Which means that every single person who has access to the etcd potentially has access to your secrets.

Obviously, this is something that is of concern to some people, especially if you have a high security situation where you want to be very careful with the handling of your secrets.

So lately what is has been developed in Kubernetes is key management story integration so that you can actually supply a key to do encryption into that etcd database.

So you can actually have your Kubernetes API server with integration with a key management store, like for example Azure Key Vault or HashiCorp vault, or any number of key management stores.
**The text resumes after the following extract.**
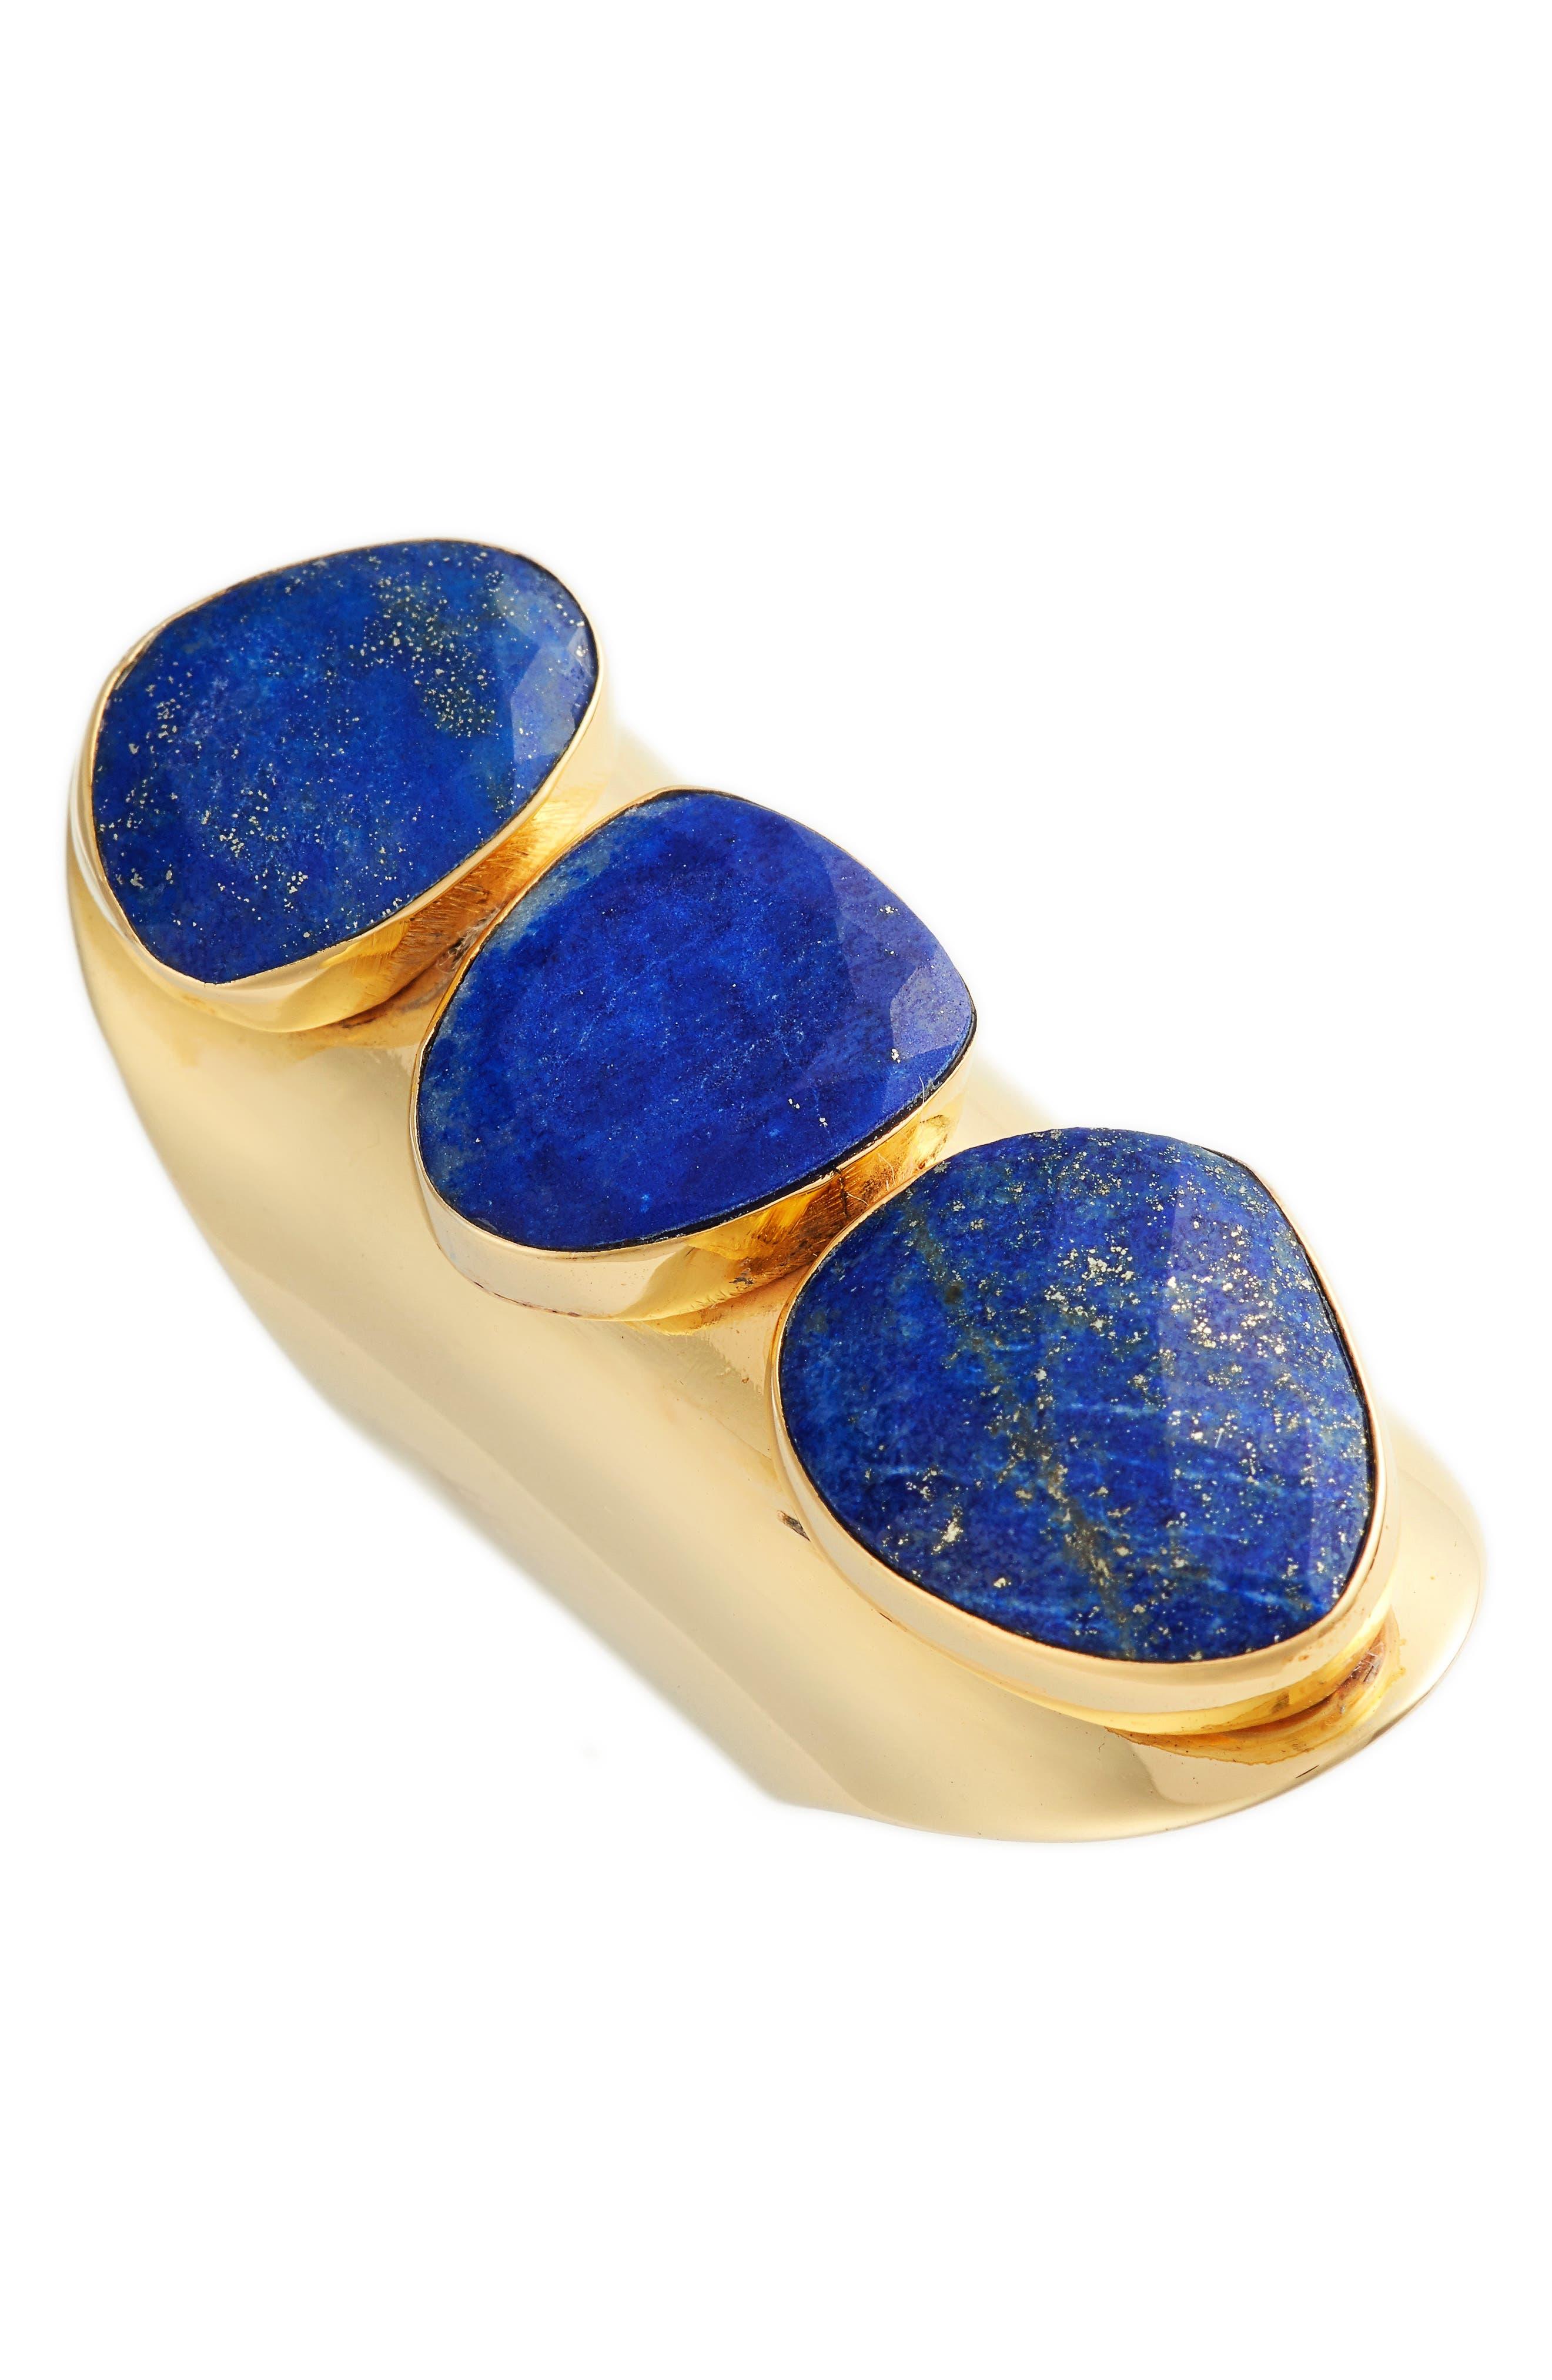 Main Image - Nakamol Design Anas 3 Stone Lapis Ring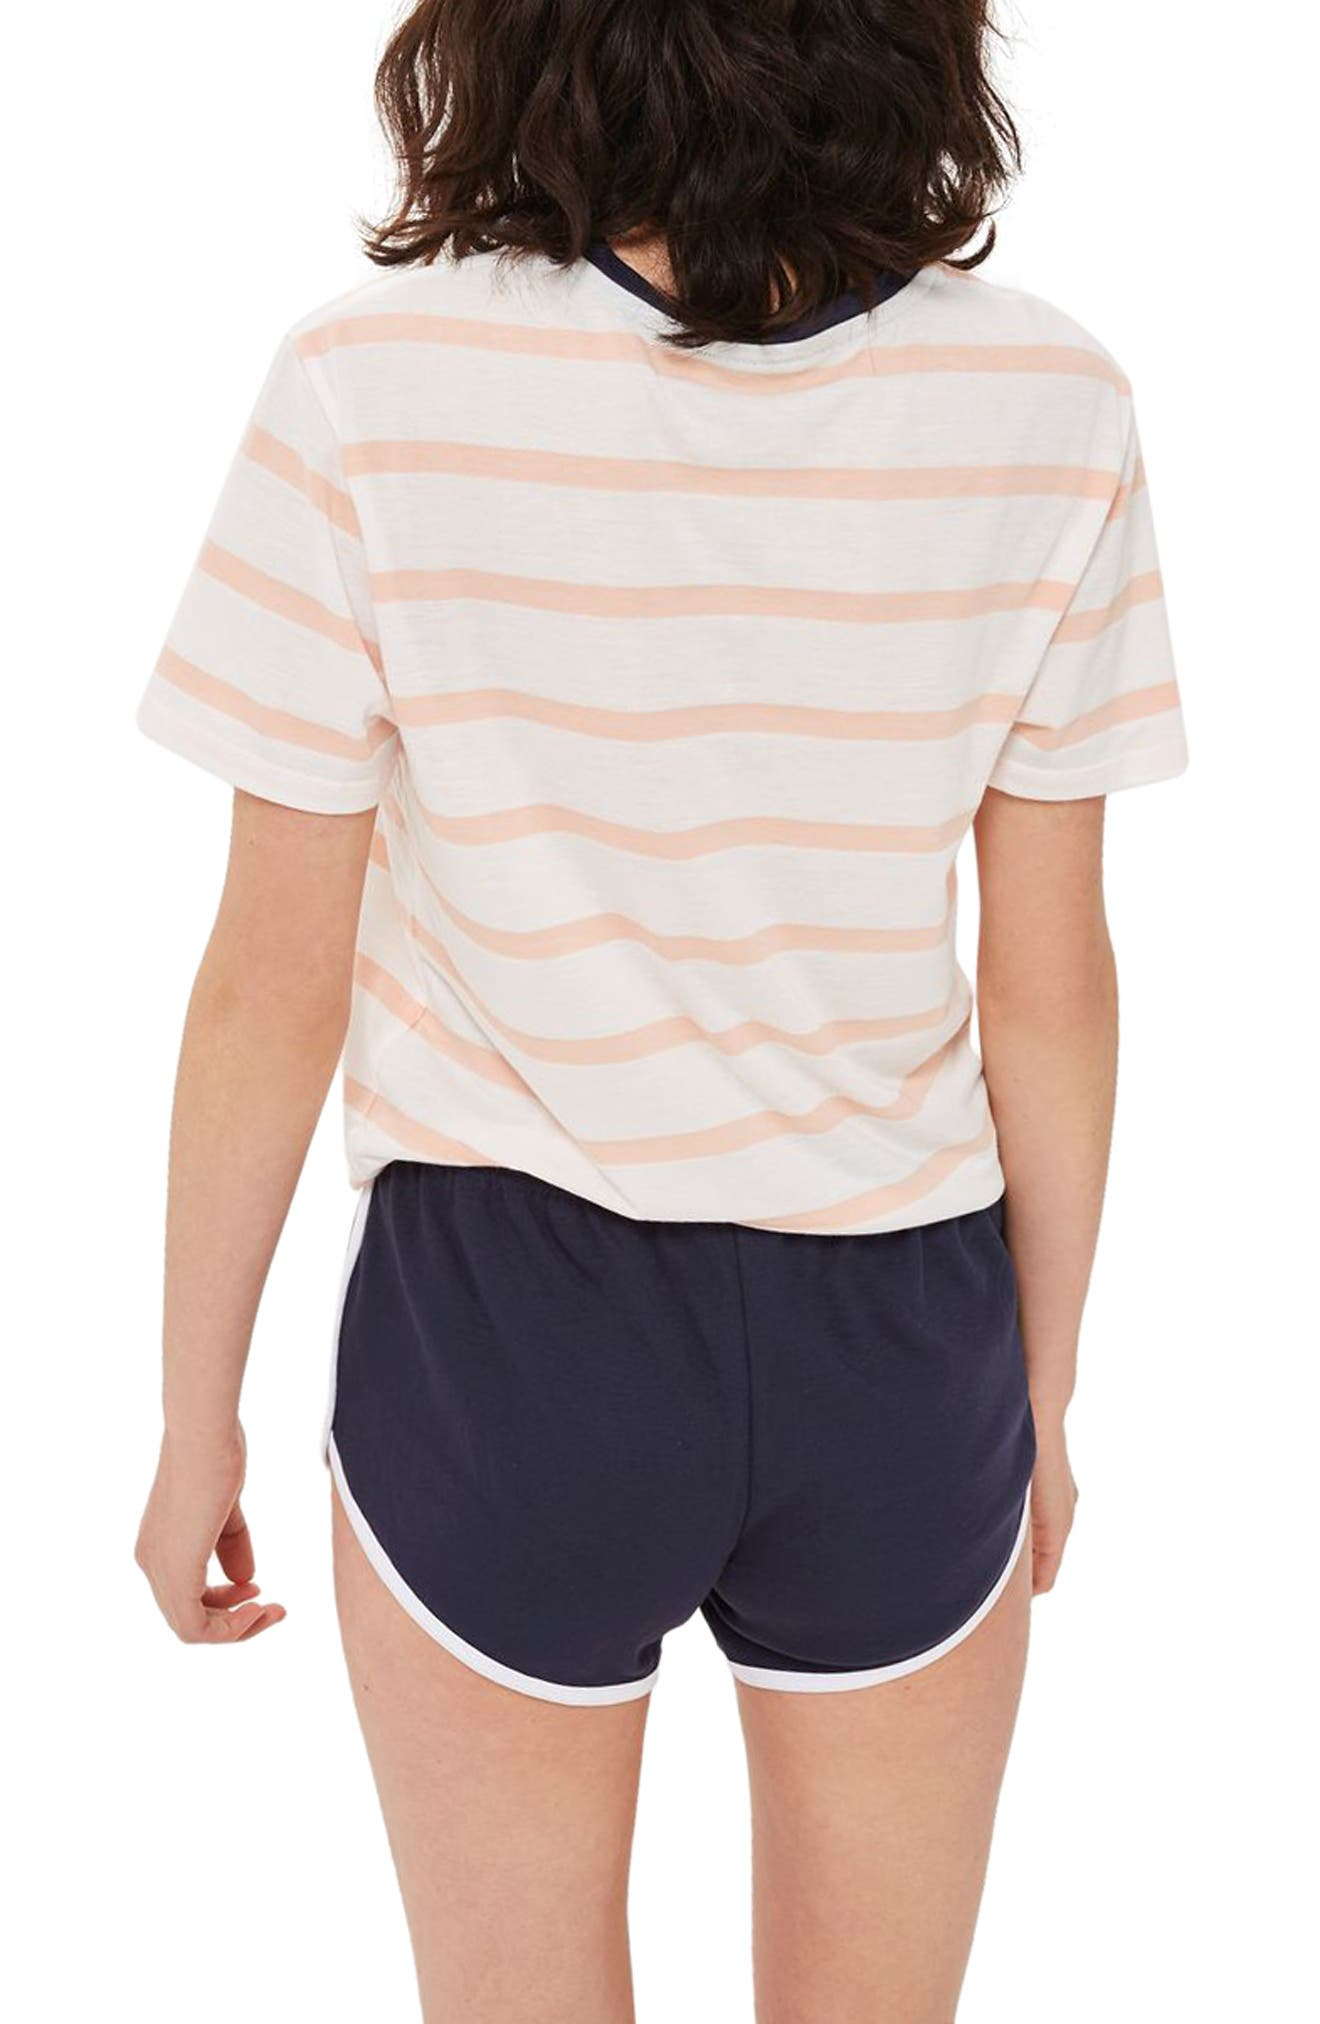 Lazy Days Pajamas,                             Alternate thumbnail 2, color,                             White Multi

It'll actually take a key from that key management store and encrypt your secrets before they're stored into the etcd.

This means that even if somebody gains access to the data store behind the etcd, they're encrypted with the key that you have here, and obviously you're going to have access control here to limit the number of people who have access to that key.

It is worth noting, of course, though that anyone who has access to the Kubernetes API, may potentially be able to also access those secrets.

So you clearly want to be using resource-based access control on the Kubernetes API as well to ensure that only the right people have access to the secrets that you're placing inside the context of Kubernetes.

Although, that gives you an idea of how to manage secrets for your applications, and obviously, it's a best practice to use these Secrets and not store those credentials in your docker image, source control, or anything else.

So learn up on it and use it to securely deploy secrets to your applications.